Extractors¶

Article content extraction with fallback chain for pyfetcher.extractors.

Purpose:: Extract readable article text from HTML using trafilatura as the primary extractor with readability-lxml as fallback.
Design:: trafilatura achieves the highest F1 score (0.945) in benchmarks. readability-lxml has the highest median reliability (0.970). We try trafilatura first, fall back to readability on failure.

pyfetcher.extractors.content.extract_article_text(html, *, url=None)[source]¶

Extract the main article text from HTML.

Uses trafilatura as the primary extractor with readability-lxml as fallback. Returns None if extraction fails entirely.

Parameters:

html (str) – Raw HTML string.
url (str | None) – Optional page URL for better extraction context.

Returns:

Extracted article text, or None.

Return type:

str | None

HTML conversion utilities for pyfetcher.extractors.

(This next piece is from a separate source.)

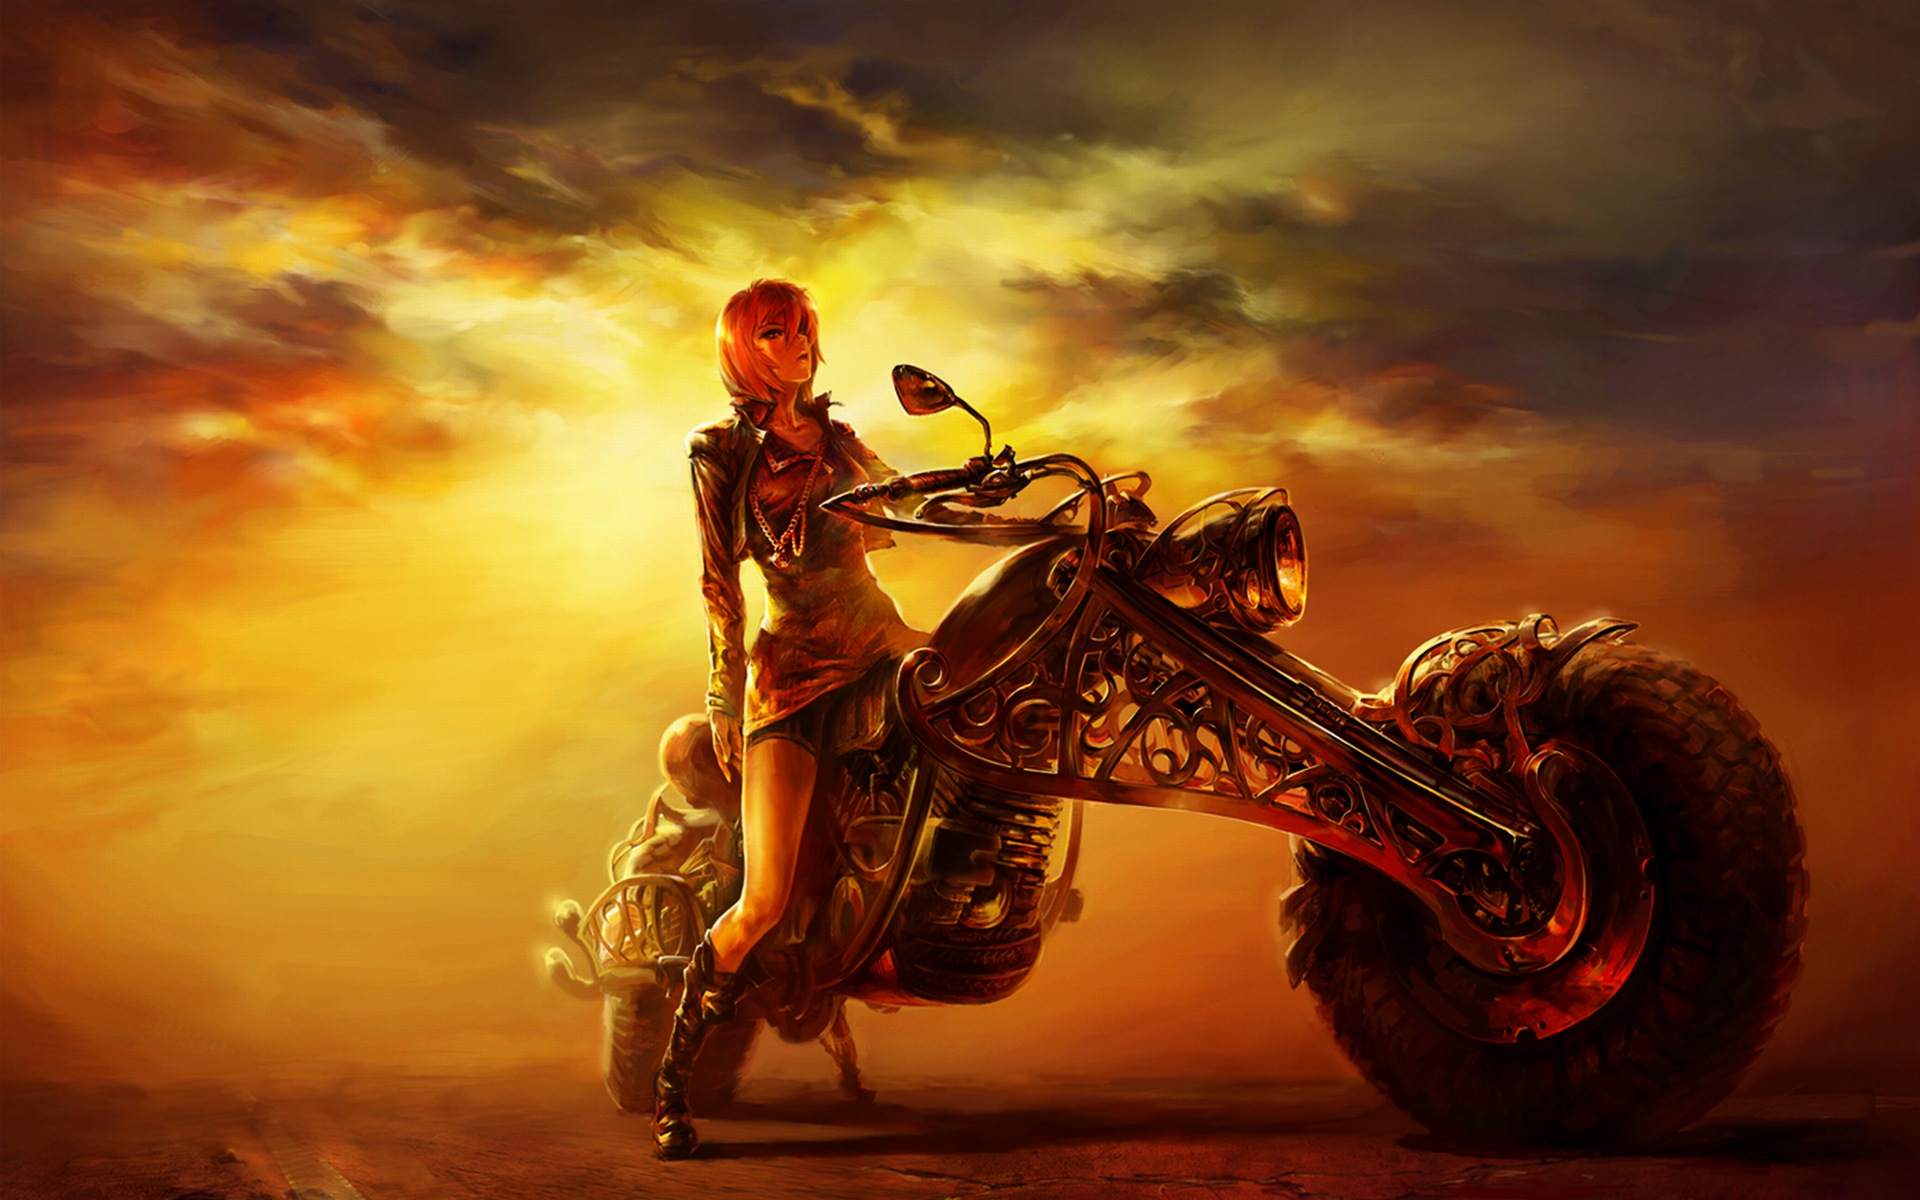 cg 소녀 바탕 화면,오토바이,차량,사막 경주,오토바이 타기,하늘

Purpose:: Convert HTML to markdown or plaintext using html2text and markdownify.

pyfetcher.extractors.convert.html_to_markdown(html)[source]¶

Convert HTML to Markdown using markdownify.

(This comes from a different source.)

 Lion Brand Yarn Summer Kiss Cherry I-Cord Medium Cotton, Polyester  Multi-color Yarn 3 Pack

Parameters:: html (str) – Raw HTML string.
Returns:: Markdown-formatted text.
Return type:: str

pyfetcher.extractors.convert.html_to_plaintext(html)[source]¶

Convert HTML to plaintext using html2text.

Parameters:: html (str) – Raw HTML string.
Returns:: Plaintext with basic formatting preserved.
Return type:: str

Article metadata extraction for pyfetcher.extractors.

Purpose:: Extract article-specific metadata (author, publish date, summary) using newspaper3k for news articles.

class pyfetcher.extractors.article.ArticleMeta(title=None, authors=<factory>, publish_date=None, summary=None, top_image=None, keywords=<factory>)[source]¶

Extracted article metadata.

Parameters:

title (str | None)
authors (list[str])
publish_date (str | None)
summary (str | None)
top_image (str | None)
keywords (list[str])

pyfetcher.extractors.article.extract_article_metadata(html, *, url)[source]¶

Extract article metadata using newspaper3k.

Parameters:

html (str) – Raw HTML string.
url (str) – The article URL (required by newspaper3k).

Returns:

An ArticleMeta with extracted fields.

Return type:

ArticleMeta

Media file metadata extraction for pyfetcher.extractors.

Purpose:: Extract metadata from media files: audio (mutagen), video (pymediainfo), images (exifread), and PDFs (pypdf). Returns a unified dict.

pyfetcher.extractors.media_meta.extract_media_metadata(file_path)[source]¶

Extract metadata from a media file based on its type.

Dispatches to the appropriate library based on file extension.

Parameters:: file_path (str | Path) – Path to the media file.
Returns:: A dictionary of extracted metadata.
Return type:: dict[str, Any]